[Data extracted from a collection]
┄┄┄┄┄┄┄┄┄┄

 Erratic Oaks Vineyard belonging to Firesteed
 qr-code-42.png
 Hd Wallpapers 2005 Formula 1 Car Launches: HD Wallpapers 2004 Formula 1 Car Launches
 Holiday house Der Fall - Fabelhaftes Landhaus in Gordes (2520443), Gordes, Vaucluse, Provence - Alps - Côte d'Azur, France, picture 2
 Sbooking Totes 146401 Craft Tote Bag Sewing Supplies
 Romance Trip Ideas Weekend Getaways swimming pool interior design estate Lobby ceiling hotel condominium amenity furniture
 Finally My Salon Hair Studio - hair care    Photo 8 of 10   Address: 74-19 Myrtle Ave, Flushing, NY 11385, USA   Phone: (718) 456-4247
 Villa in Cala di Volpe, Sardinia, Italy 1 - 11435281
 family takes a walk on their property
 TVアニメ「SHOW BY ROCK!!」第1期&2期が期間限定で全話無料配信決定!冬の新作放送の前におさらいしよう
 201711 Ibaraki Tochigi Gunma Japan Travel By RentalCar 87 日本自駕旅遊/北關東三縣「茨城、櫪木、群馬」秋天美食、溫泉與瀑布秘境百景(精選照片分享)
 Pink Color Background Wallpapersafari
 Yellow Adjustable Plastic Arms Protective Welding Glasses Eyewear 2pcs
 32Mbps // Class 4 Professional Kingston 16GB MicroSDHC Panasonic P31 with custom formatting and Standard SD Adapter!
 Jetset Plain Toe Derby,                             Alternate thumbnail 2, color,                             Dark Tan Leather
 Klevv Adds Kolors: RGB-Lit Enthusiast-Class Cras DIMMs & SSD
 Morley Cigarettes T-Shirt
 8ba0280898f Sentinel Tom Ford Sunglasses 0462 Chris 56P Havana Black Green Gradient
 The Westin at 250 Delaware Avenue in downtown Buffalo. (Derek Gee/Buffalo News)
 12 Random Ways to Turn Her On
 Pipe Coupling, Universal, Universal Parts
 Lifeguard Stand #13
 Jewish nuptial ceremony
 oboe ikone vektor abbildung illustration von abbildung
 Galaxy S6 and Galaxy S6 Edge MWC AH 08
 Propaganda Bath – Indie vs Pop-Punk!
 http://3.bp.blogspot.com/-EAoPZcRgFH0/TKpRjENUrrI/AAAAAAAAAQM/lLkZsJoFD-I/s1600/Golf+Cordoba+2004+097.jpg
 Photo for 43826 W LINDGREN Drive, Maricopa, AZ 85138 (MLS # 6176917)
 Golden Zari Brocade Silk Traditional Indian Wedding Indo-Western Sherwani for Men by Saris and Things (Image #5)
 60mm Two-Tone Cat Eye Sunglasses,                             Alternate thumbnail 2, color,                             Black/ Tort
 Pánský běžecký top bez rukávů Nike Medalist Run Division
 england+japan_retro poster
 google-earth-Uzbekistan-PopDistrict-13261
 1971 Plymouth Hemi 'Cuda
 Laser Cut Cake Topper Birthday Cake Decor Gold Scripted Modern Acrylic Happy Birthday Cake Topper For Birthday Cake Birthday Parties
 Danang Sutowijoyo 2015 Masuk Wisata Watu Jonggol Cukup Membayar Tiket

┄┄┄┄┄┄┄┄┄┄

[TASK OBJECTIVE]
In full and without changes, copy the entries above.

[TASK RESPONSE]
 Erratic Oaks Vineyard belonging to Firesteed
 qr-code-42.png
 Hd Wallpapers 2005 Formula 1 Car Launches: HD Wallpapers 2004 Formula 1 Car Launches
 Holiday house Der Fall - Fabelhaftes Landhaus in Gordes (2520443), Gordes, Vaucluse, Provence - Alps - Côte d'Azur, France, picture 2
 Sbooking Totes 146401 Craft Tote Bag Sewing Supplies
 Romance Trip Ideas Weekend Getaways swimming pool interior design estate Lobby ceiling hotel condominium amenity furniture
 Finally My Salon Hair Studio - hair care    Photo 8 of 10   Address: 74-19 Myrtle Ave, Flushing, NY 11385, USA   Phone: (718) 456-4247
 Villa in Cala di Volpe, Sardinia, Italy 1 - 11435281
 family takes a walk on their property
 TVアニメ「SHOW BY ROCK!!」第1期&2期が期間限定で全話無料配信決定!冬の新作放送の前におさらいしよう
 201711 Ibaraki Tochigi Gunma Japan Travel By RentalCar 87 日本自駕旅遊/北關東三縣「茨城、櫪木、群馬」秋天美食、溫泉與瀑布秘境百景(精選照片分享)
 Pink Color Background Wallpapersafari
 Yellow Adjustable Plastic Arms Protective Welding Glasses Eyewear 2pcs
 32Mbps // Class 4 Professional Kingston 16GB MicroSDHC Panasonic P31 with custom formatting and Standard SD Adapter!
 Jetset Plain Toe Derby,                             Alternate thumbnail 2, color,                             Dark Tan Leather
 Klevv Adds Kolors: RGB-Lit Enthusiast-Class Cras DIMMs & SSD
 Morley Cigarettes T-Shirt
 8ba0280898f Sentinel Tom Ford Sunglasses 0462 Chris 56P Havana Black Green Gradient
 The Westin at 250 Delaware Avenue in downtown Buffalo. (Derek Gee/Buffalo News)
 12 Random Ways to Turn Her On
 Pipe Coupling, Universal, Universal Parts
 Lifeguard Stand #13
 Jewish nuptial ceremony
 oboe ikone vektor abbildung illustration von abbildung
 Galaxy S6 and Galaxy S6 Edge MWC AH 08
 Propaganda Bath – Indie vs Pop-Punk!
 http://3.bp.blogspot.com/-EAoPZcRgFH0/TKpRjENUrrI/AAAAAAAAAQM/lLkZsJoFD-I/s1600/Golf+Cordoba+2004+097.jpg
 Photo for 43826 W LINDGREN Drive, Maricopa, AZ 85138 (MLS # 6176917)
 Golden Zari Brocade Silk Traditional Indian Wedding Indo-Western Sherwani for Men by Saris and Things (Image #5)
 60mm Two-Tone Cat Eye Sunglasses,                             Alternate thumbnail 2, color,                             Black/ Tort
 Pánský běžecký top bez rukávů Nike Medalist Run Division
 england+japan_retro poster
 google-earth-Uzbekistan-PopDistrict-13261
 1971 Plymouth Hemi 'Cuda
 Laser Cut Cake Topper Birthday Cake Decor Gold Scripted Modern Acrylic Happy Birthday Cake Topper For Birthday Cake Birthday Parties
 Danang Sutowijoyo 2015 Masuk Wisata Watu Jonggol Cukup Membayar Tiket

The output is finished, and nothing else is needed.